Москвичи, сучки, добились своего — уничтожили победителя.

После этого Гипноз и сошел с ума. На грудь ему стали надевать кожаный фартук. Поскольку в бешенстве себя грыз, свою шкуру, как талант, который хотел уничтожить. Соколов говорил мне, что причина нервного сотрясения не в уязвленном тщеславии лошади, как это можно было бы предположить, не в каком-нибудь вирусе. Дело в том, что Гипноз поверил человеку безоглядно, а потом так же безоглядно бежал от него. Столичные бандиты решили сделать из него записного рыска и не дали отдыха. А дети Гипноза были добронравными.

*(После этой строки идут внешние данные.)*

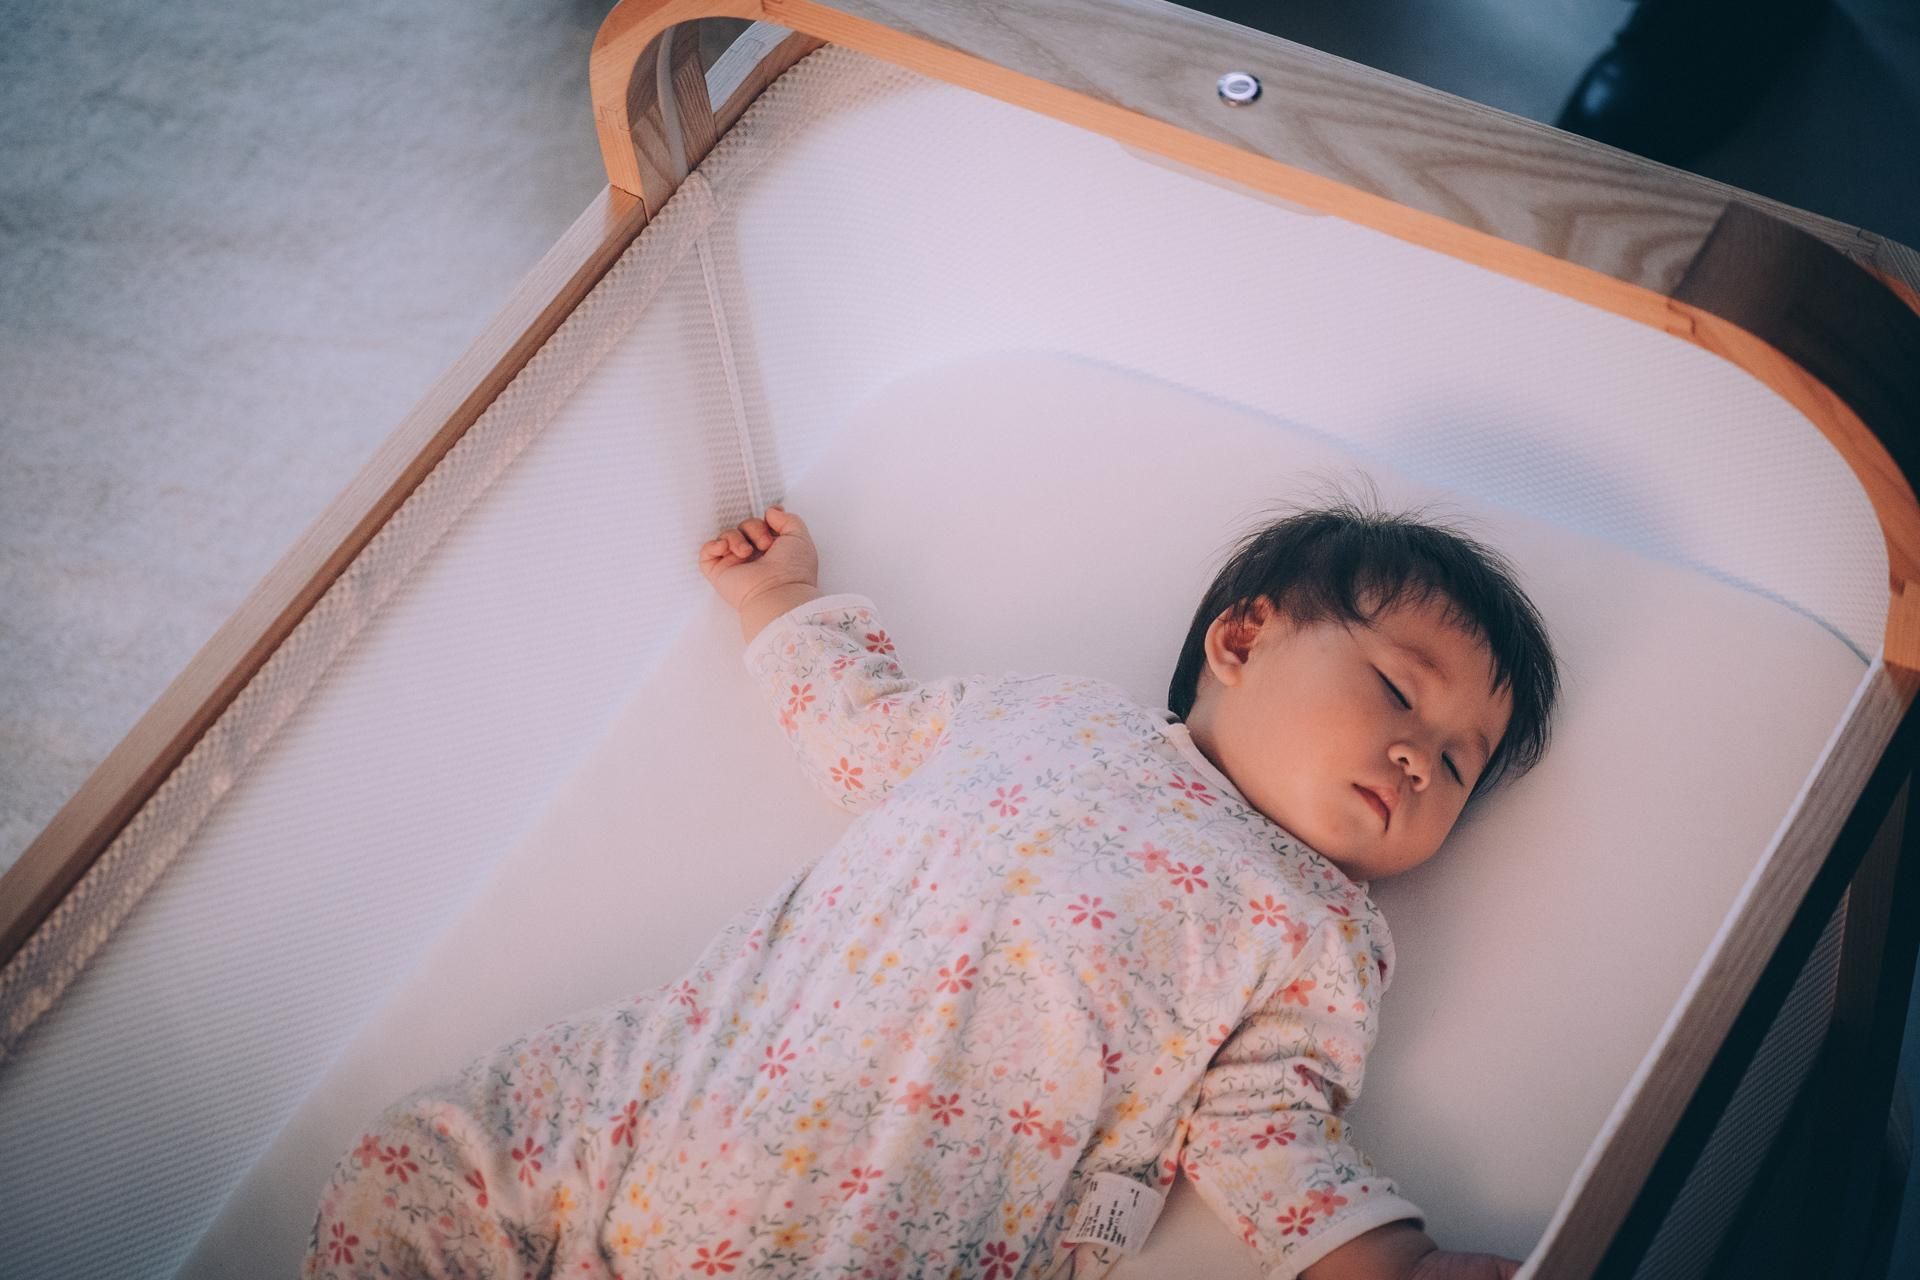 В США создали колыбель с ИИ, она помогает малышу заснуть: фото, видео

На пермском ипподроме его выхаживали, проминали лучшие наездники, но себя он уже не вспомнил. Личный рекорд — 2.06 был показан отдельно, на время — так наступила пора, которая должна была стать самой скоростной в жизни рысака. Жил он долго, умер, конечно, не на мясокомбинате, а своей смертью — пал, как говорится. В этом слове я чувствую не небрежение к животному, а дань эпосу.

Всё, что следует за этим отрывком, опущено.